FILE PHOTO: Mexico's President Andres Manuel Lopez Obrador attends a news conference at the National Palace in Mexico City
FILE PHOTO: Mexico's President Andres Manuel Lopez Obrador attends a news conference to announce a plan to strengthen finances of state oil firm Pemex, at the National Palace in Mexico City, Mexico February 15, 2019. REUTERS/Henry Romero/File Photo

March 19, 2019

MEXICO CITY (Reuters) – Mexico’s President Andres Manuel Lopez Obrador on Tuesday put in writing a promise to never seek a second term, after critics expressed worry that a new law allowing a mid-term recall referendum could be a step toward a re-election bid.

At a morning news conference, Lopez Obrador signed a document in which he vowed to step down as president when his term ends in 2024, and retire to his ranch in southern Mexico.

“Never, under any circumstance, will I try to perpetuate myself in the position that I currently have,” the document stated.

Several Latin American leaders have changed laws to allow them to stand for re-election, including leftists such as Venezuela’s late president Hugo Chavez and President Evo Morales in Bolivia.

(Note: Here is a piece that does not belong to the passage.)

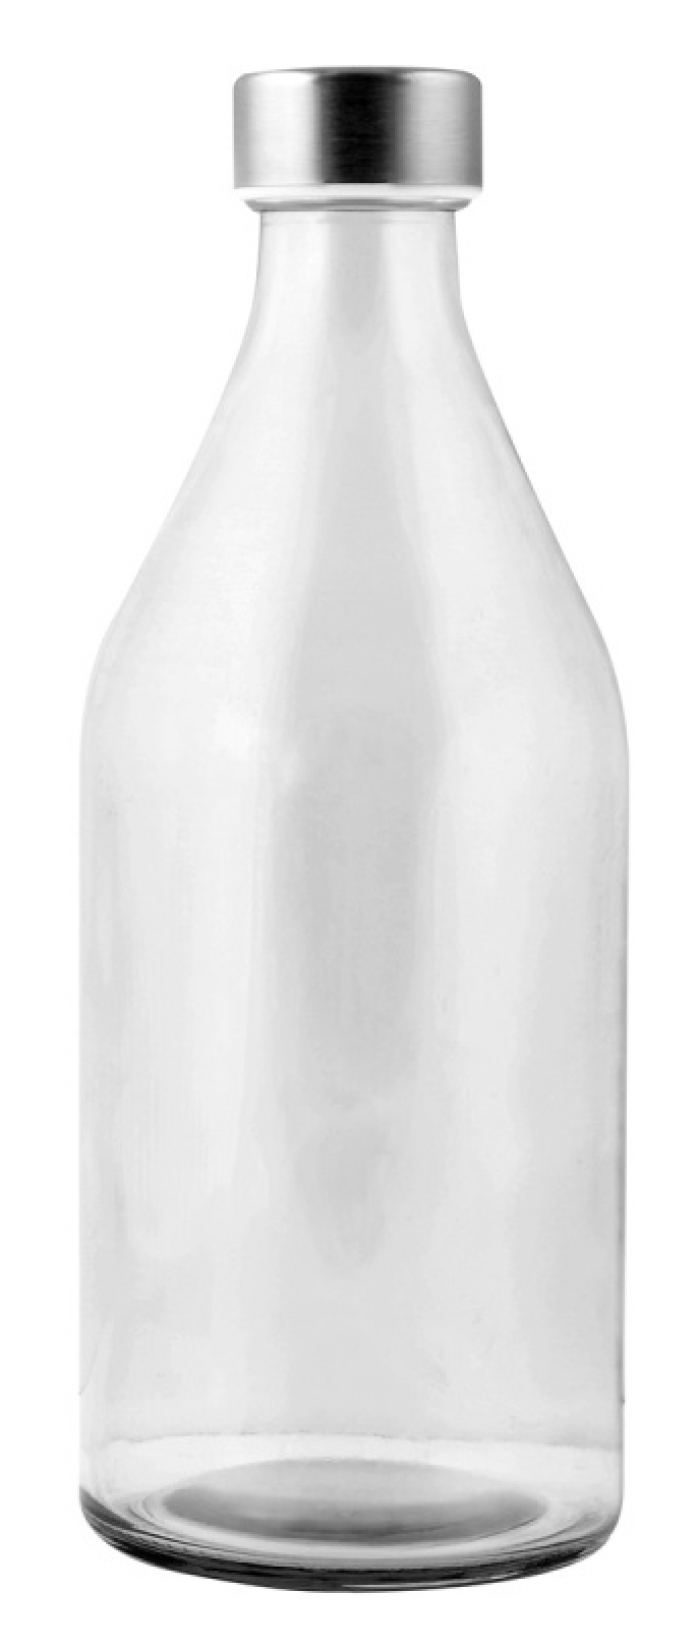 Bottiglie in vetro da 1 litro - Bluebag articoli personalizzati

Colombia’s conservative former president Alvaro Uribe unsuccessfully tried to change the law and run for a second term.

The Mexican constitution limits a president to a single six-year term, and the principle of no re-election has been at the heart of Mexican politics since Francisco Madero campaigned in 1909 against president Porfirio Diaz, who had held on to power for three decades.

Late Thursday, Mexico’s lower house of Congress approved legislation permitting referendums to cut short the presidential term, in line with Lopez Obrador’s plan to have the public vote on his performance half-way through his administration.

The constitutional change, which must still be approved by the Senate, will enable Lopez Obrador to honor his pledge to give the electorate a chance to vote him out after three years.

Critics say that will also allow the president to put himself at the center of the campaign for mid-term legislative elections in 2021, and could encourage support for permitting re-election.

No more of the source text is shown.